_What to do_:
Only the lines below starting at the one containing "Purple and clear" and ending at the one containing "Veronica Jackson and" belong in the answer, each copied exactly.

Collected data entries:
————

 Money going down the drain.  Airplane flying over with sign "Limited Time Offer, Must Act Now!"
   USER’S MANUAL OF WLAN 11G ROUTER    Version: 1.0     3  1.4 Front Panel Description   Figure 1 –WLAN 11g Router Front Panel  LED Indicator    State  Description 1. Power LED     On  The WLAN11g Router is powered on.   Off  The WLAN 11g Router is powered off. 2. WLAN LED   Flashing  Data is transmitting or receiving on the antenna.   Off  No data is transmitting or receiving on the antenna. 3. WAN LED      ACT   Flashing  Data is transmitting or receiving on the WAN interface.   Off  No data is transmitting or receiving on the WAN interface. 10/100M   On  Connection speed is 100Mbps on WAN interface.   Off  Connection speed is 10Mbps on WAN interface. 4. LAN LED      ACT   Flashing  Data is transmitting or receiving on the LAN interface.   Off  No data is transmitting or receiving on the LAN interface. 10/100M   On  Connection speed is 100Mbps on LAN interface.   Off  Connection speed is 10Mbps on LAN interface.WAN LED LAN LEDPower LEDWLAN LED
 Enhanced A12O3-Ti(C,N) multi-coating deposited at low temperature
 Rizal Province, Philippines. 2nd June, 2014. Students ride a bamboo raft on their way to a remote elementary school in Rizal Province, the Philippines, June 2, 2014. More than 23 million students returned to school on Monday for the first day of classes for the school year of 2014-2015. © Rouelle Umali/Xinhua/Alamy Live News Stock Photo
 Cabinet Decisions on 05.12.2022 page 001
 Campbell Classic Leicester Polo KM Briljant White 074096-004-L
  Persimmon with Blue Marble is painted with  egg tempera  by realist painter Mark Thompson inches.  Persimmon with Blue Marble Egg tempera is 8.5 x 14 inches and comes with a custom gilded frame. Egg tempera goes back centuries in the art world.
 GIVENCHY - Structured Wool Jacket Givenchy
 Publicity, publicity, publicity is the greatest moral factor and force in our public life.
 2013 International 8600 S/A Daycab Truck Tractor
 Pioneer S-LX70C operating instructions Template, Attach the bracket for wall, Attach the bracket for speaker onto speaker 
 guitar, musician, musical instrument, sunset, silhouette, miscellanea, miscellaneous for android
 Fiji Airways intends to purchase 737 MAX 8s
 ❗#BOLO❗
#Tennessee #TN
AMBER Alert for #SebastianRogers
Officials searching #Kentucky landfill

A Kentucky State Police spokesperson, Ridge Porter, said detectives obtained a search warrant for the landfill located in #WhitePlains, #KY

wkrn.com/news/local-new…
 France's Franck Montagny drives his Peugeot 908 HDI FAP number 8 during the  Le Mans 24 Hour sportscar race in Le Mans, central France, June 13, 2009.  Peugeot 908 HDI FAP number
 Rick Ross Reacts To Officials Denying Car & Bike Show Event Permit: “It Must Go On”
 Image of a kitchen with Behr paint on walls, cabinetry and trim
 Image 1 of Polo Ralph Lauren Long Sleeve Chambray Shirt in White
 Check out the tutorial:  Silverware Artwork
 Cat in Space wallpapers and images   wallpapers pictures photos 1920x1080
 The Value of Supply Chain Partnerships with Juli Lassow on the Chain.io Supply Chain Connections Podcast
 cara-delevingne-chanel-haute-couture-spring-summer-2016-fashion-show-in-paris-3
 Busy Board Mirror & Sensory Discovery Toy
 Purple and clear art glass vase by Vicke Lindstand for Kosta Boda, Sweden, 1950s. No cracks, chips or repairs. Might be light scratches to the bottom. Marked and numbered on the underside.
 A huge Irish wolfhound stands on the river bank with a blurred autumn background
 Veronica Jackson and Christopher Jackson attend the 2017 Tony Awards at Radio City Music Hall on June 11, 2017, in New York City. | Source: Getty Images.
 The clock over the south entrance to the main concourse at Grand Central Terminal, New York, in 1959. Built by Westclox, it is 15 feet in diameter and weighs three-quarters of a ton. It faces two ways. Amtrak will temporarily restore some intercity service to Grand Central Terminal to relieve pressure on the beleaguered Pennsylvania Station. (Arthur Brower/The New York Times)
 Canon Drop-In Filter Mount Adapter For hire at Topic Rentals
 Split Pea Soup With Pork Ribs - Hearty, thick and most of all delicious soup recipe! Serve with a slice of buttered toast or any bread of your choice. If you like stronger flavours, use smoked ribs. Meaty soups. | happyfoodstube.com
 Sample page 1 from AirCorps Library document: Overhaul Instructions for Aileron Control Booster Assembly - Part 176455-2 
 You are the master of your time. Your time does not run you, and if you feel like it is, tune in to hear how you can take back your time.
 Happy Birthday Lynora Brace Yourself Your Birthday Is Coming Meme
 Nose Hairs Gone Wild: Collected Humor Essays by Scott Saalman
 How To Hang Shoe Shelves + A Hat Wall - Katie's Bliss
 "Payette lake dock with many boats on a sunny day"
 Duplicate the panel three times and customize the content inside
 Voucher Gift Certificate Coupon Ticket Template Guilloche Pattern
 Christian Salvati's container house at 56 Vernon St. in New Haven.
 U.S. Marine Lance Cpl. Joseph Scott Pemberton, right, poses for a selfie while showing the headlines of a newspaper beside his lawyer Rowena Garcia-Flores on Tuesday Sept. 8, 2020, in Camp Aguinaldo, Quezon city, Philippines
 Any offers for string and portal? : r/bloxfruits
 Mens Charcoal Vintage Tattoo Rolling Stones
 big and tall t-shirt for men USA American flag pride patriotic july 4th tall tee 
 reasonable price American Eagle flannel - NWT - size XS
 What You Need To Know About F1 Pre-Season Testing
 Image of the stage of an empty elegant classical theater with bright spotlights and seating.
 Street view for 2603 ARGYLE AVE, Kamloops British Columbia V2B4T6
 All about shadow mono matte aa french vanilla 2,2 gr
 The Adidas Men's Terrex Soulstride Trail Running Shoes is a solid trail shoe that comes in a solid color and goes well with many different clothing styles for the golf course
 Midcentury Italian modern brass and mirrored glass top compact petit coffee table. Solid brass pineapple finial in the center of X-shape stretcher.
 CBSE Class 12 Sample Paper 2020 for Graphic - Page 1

————

_Answer section_:
 Purple and clear art glass vase by Vicke Lindstand for Kosta Boda, Sweden, 1950s. No cracks, chips or repairs. Might be light scratches to the bottom. Marked and numbered on the underside.
 A huge Irish wolfhound stands on the river bank with a blurred autumn background
 Veronica Jackson and Christopher Jackson attend the 2017 Tony Awards at Radio City Music Hall on June 11, 2017, in New York City. | Source: Getty Images.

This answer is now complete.